→ WHAT THE EXERCISE ASKS: Leave the pictures in the listing below aside and reproduce exactly the lines starting with the one with "Vegan Caramel Eggnog" and going on through the one with "Tarleton State Official-Size", both ends included.

→ RECORDS PROVIDED:
- - - - - - -

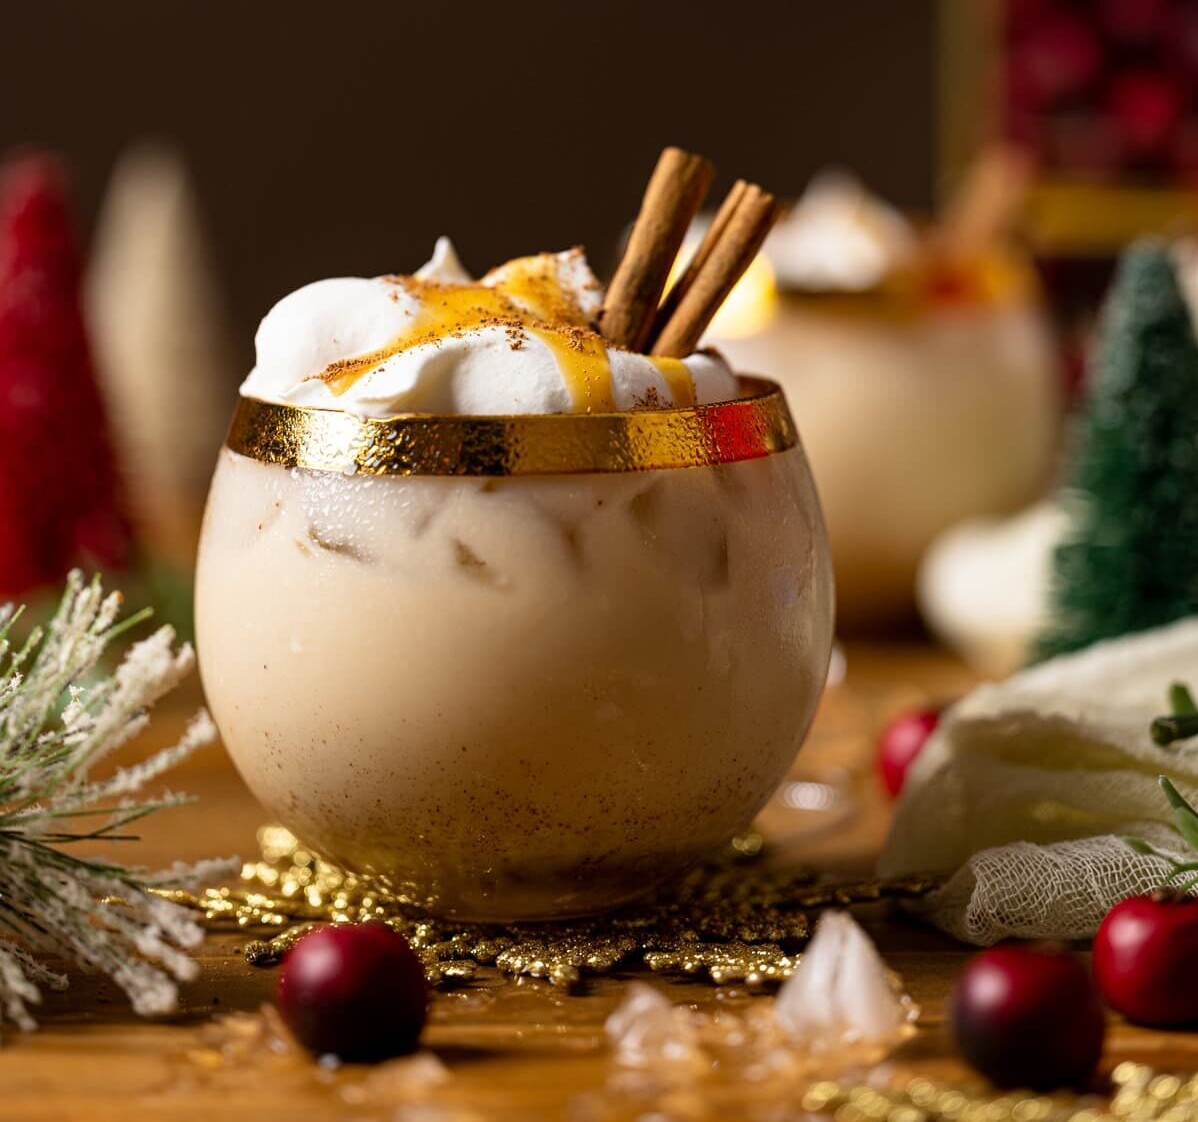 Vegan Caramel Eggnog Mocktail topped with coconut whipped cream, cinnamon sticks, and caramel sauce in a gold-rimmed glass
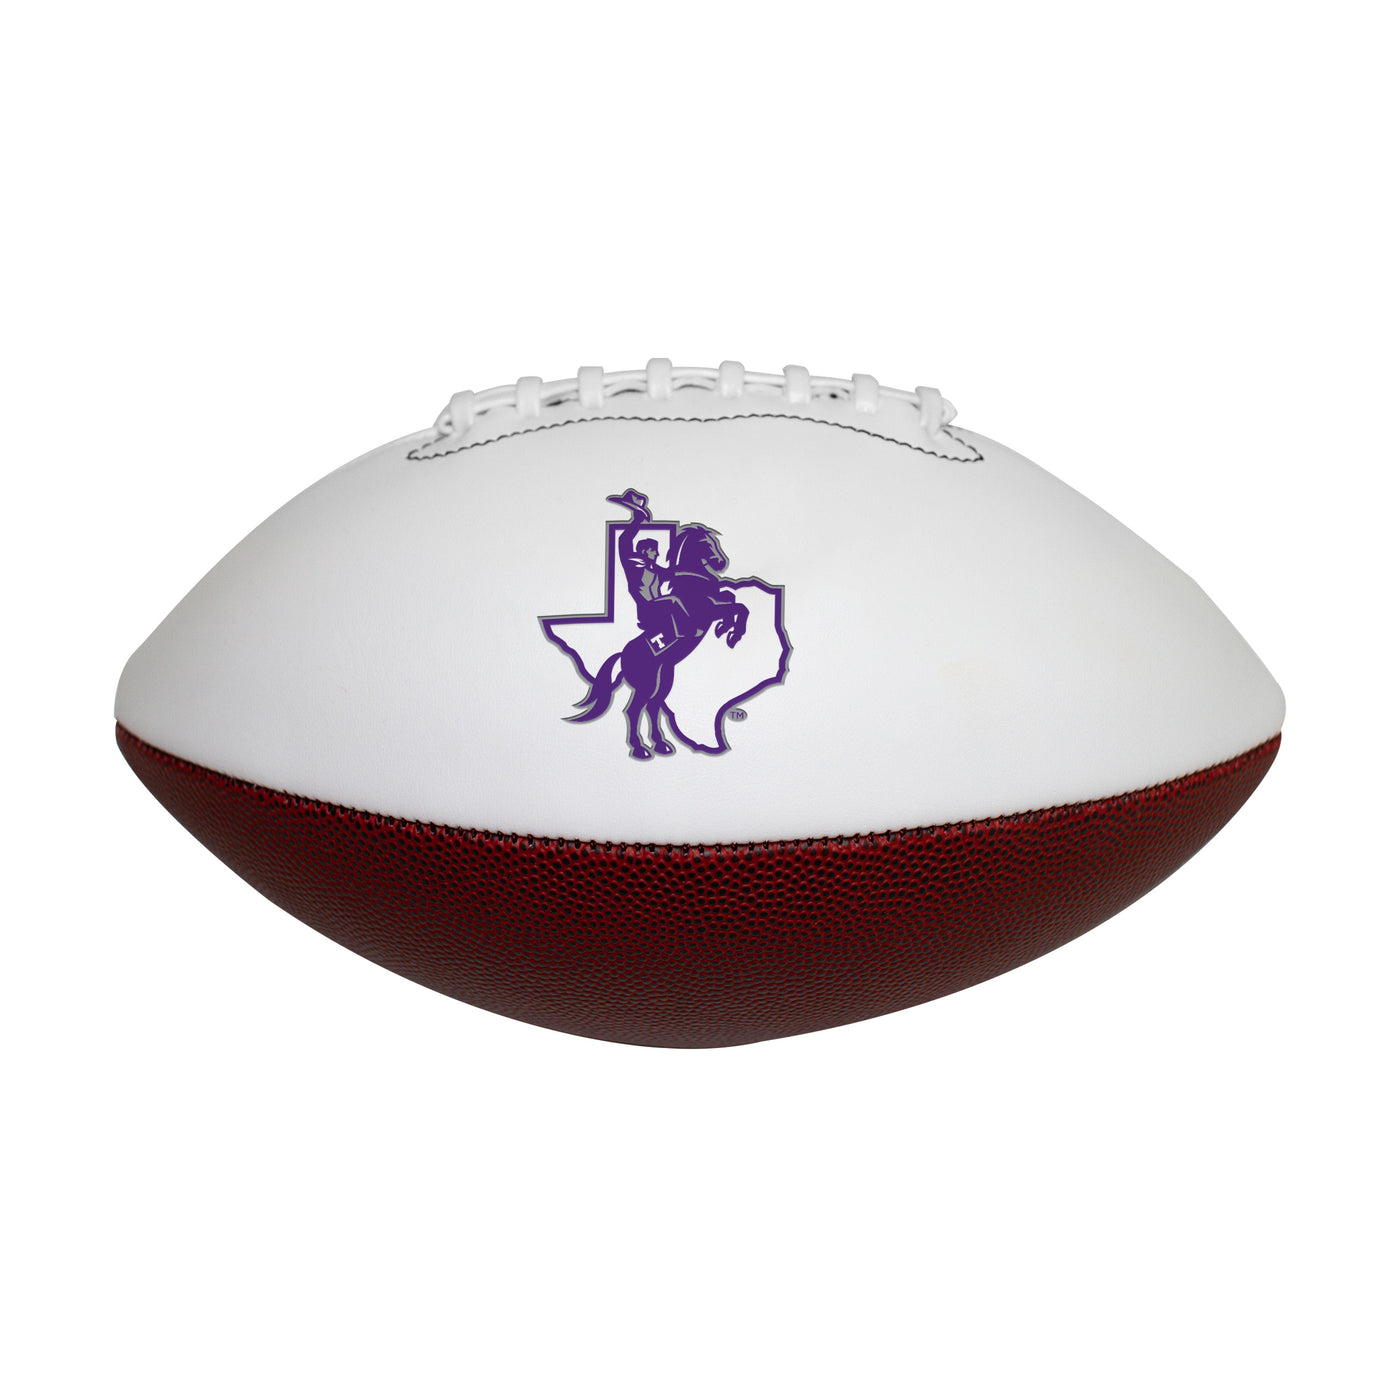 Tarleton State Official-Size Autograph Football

- - - - - - -

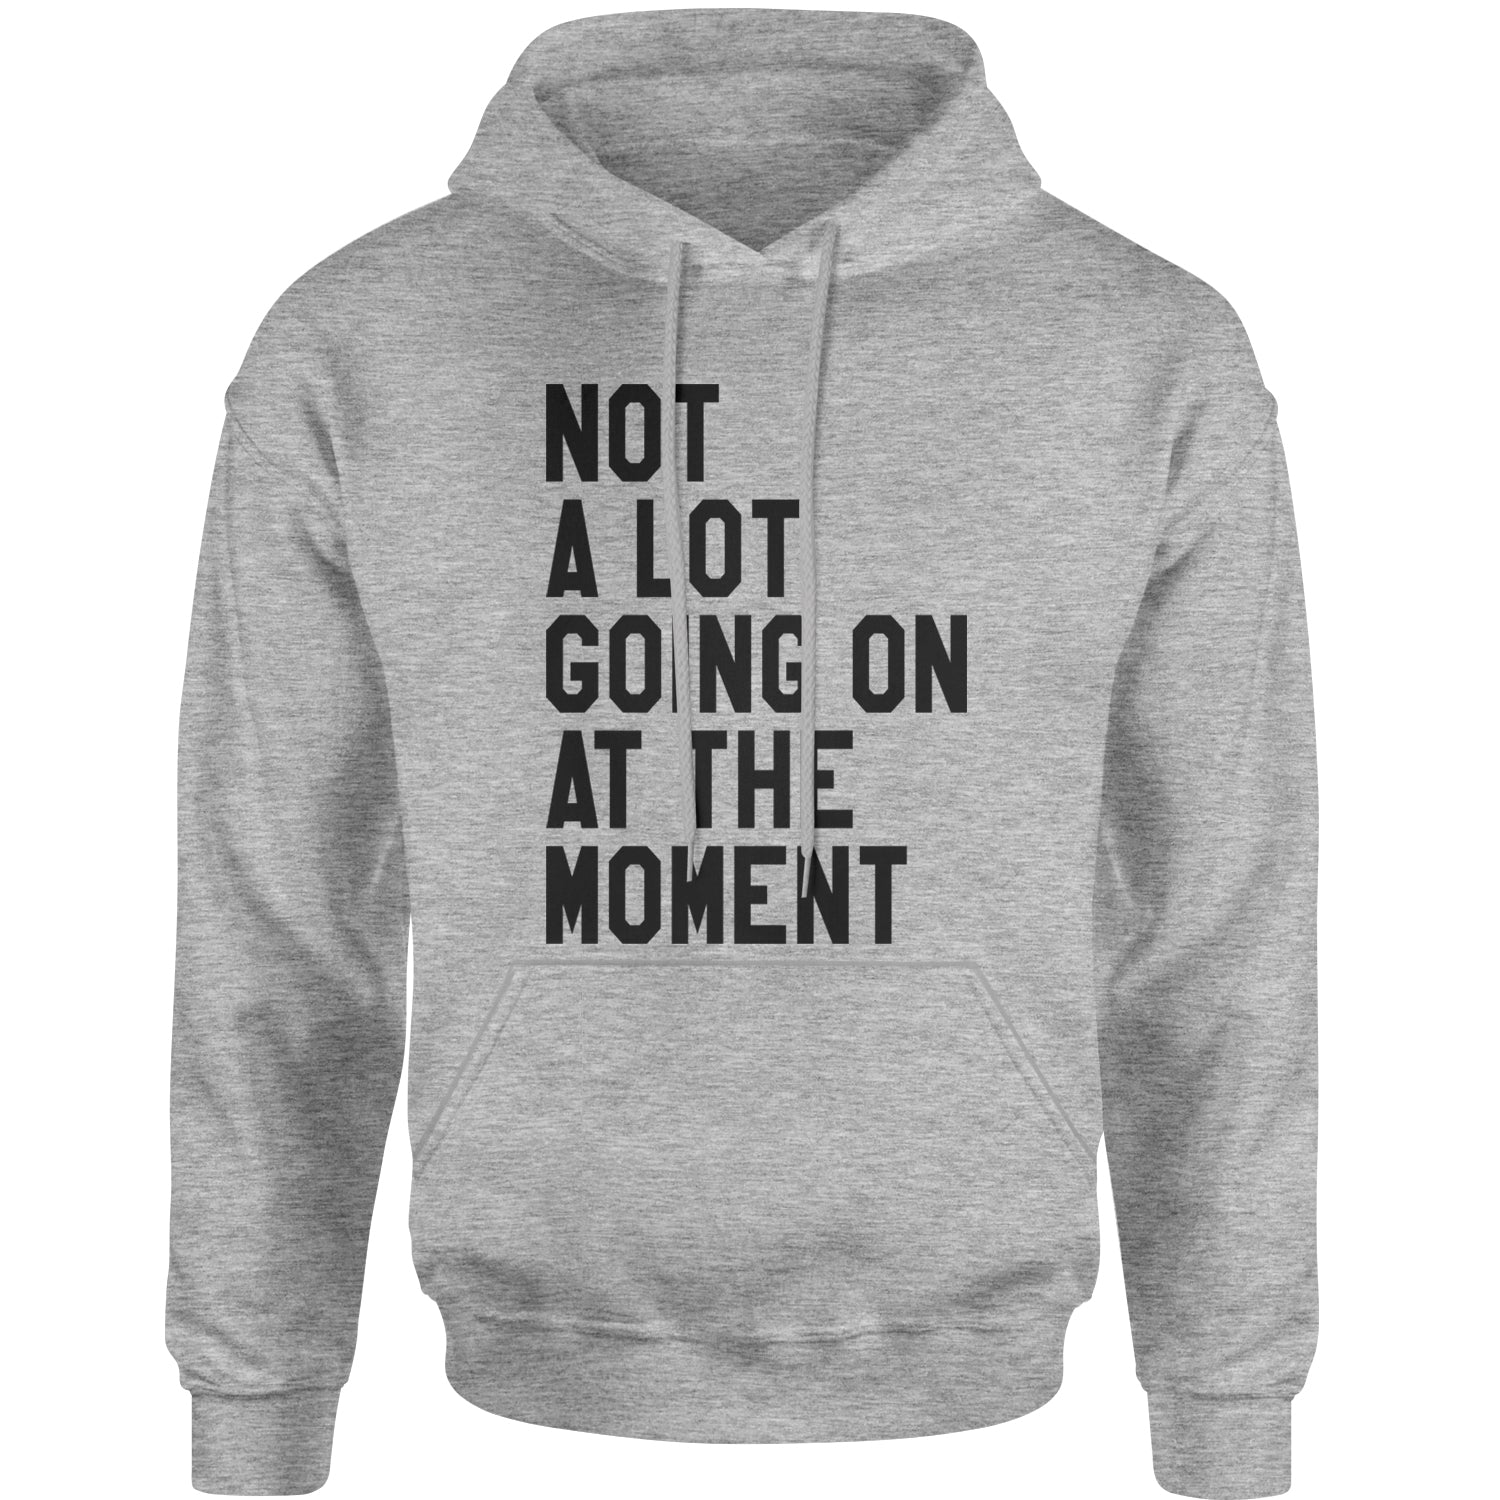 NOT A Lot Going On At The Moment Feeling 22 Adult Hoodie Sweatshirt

- - - - - - -

→ EXERCISE SOLUTION:
 Vegan Caramel Eggnog Mocktail topped with coconut whipped cream, cinnamon sticks, and caramel sauce in a gold-rimmed glass
 Tarleton State Official-Size Autograph Football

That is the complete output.